The data
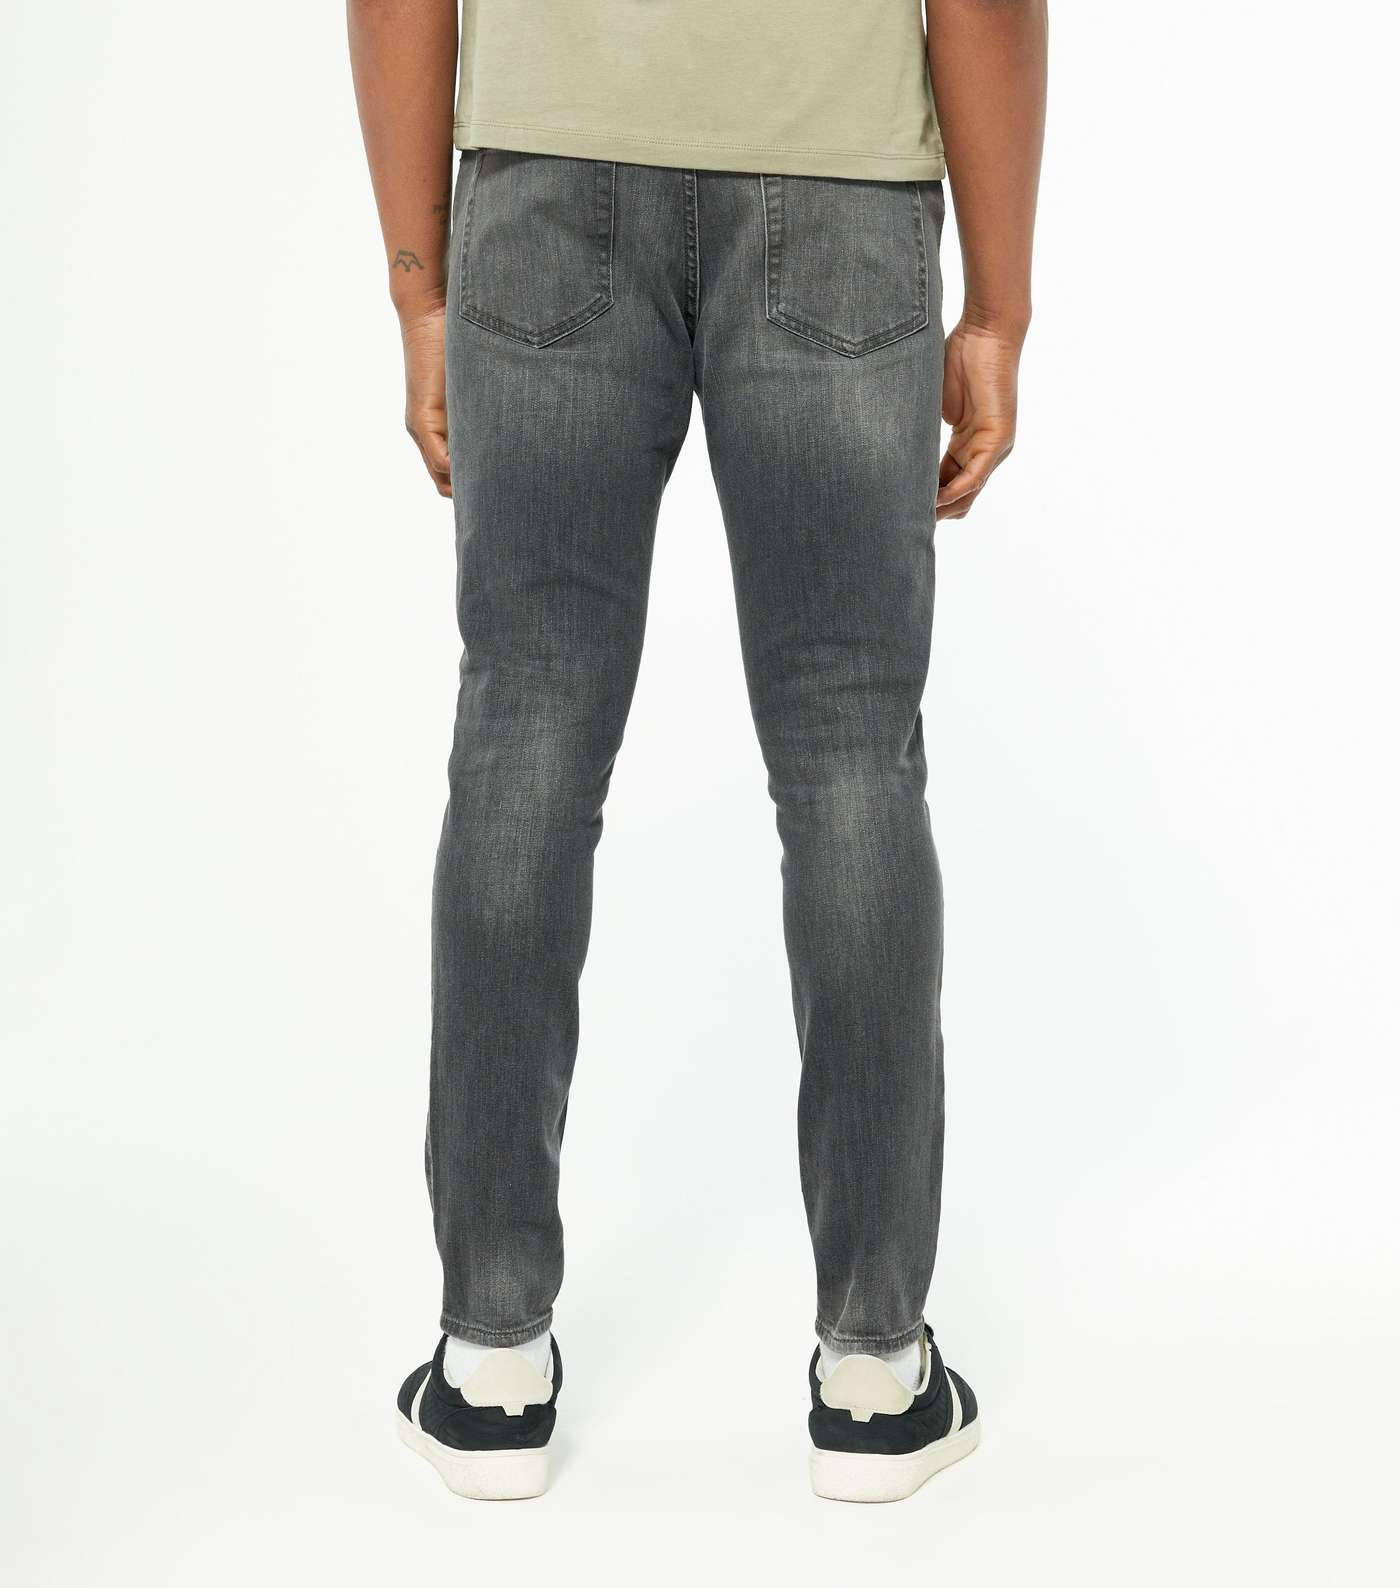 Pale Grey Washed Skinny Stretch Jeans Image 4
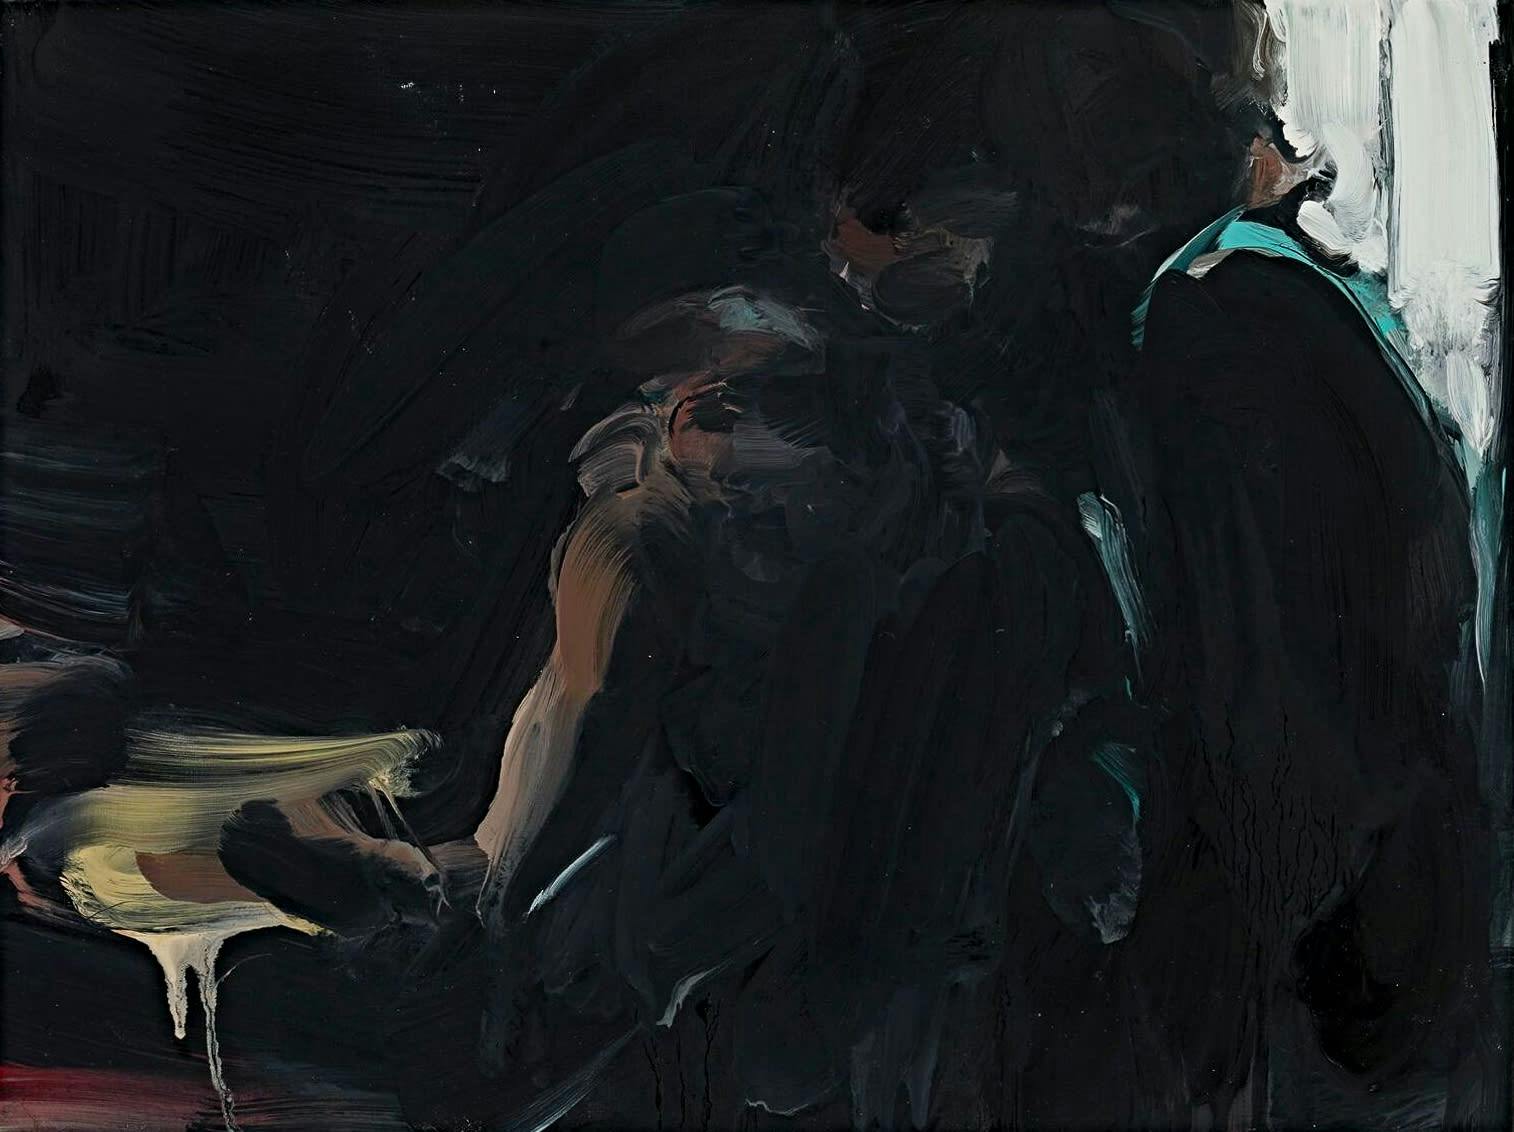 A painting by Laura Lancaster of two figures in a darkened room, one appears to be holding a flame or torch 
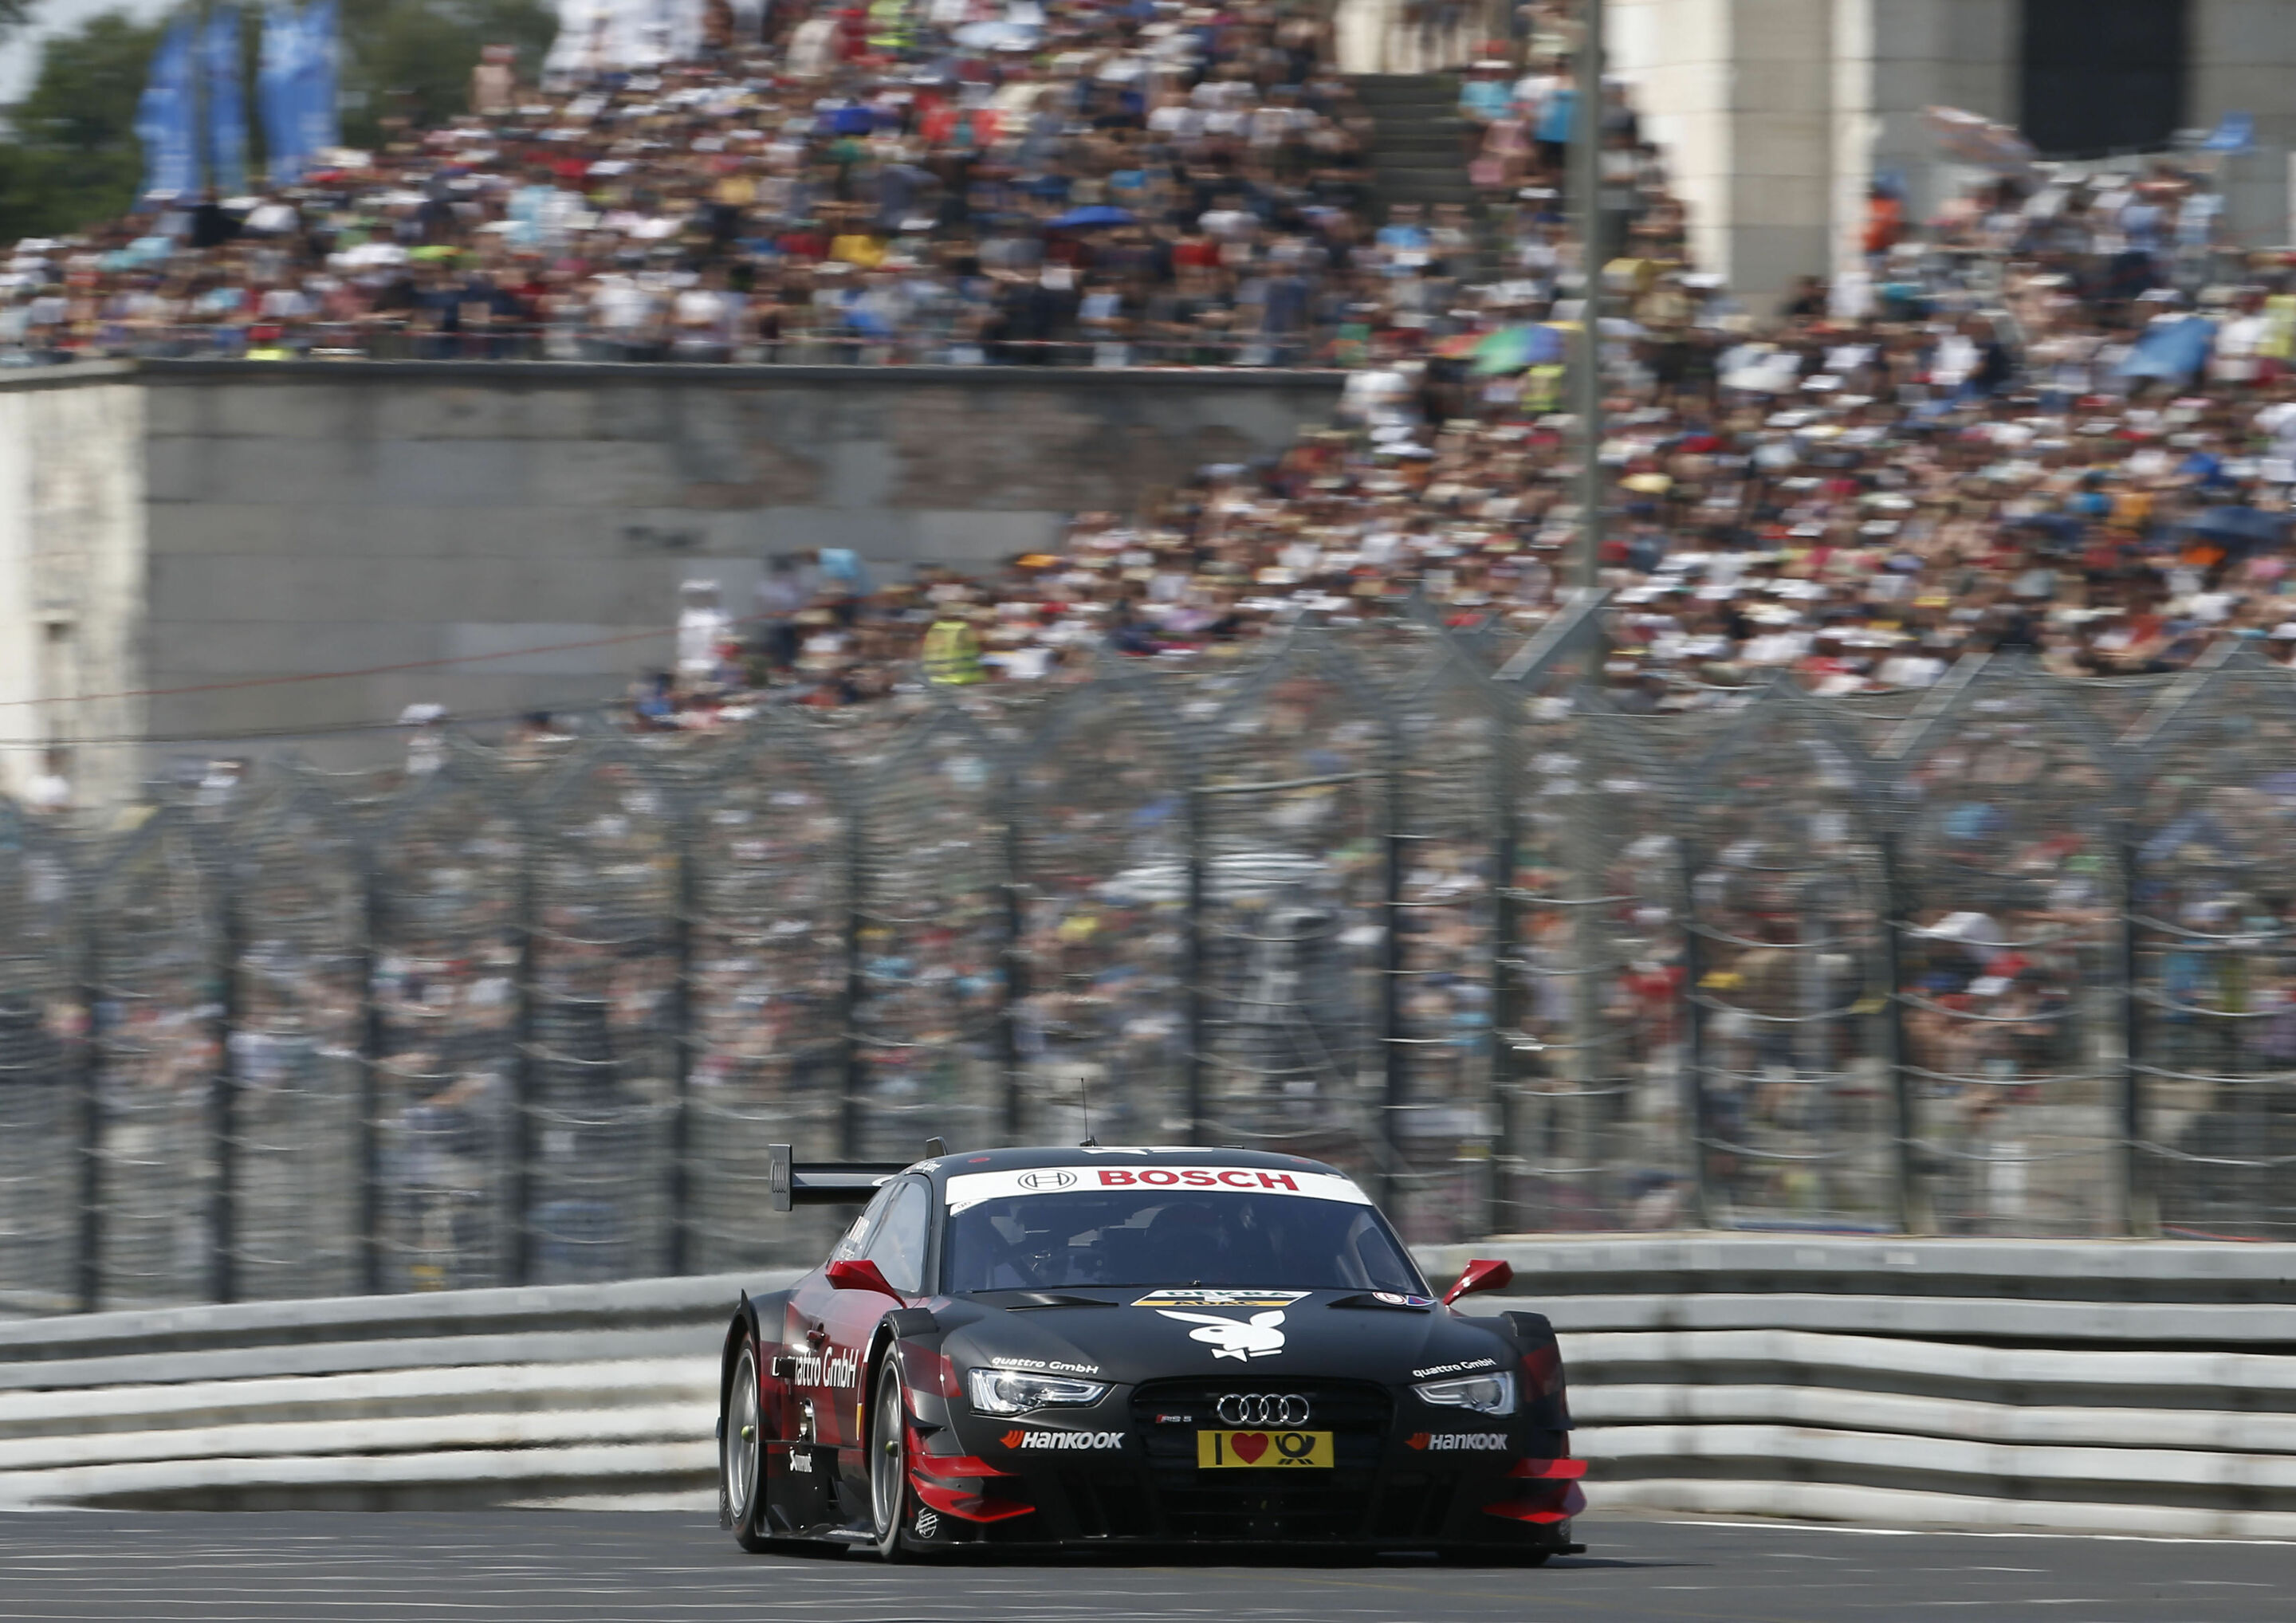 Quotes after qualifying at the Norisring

Exercise
With the pictures omitted, print each line of the data above precisely as given.

Written solution
 Pale Grey Washed Skinny Stretch Jeans Image 4
 A painting by Laura Lancaster of two figures in a darkened room, one appears to be holding a flame or torch 
 Quotes after qualifying at the Norisring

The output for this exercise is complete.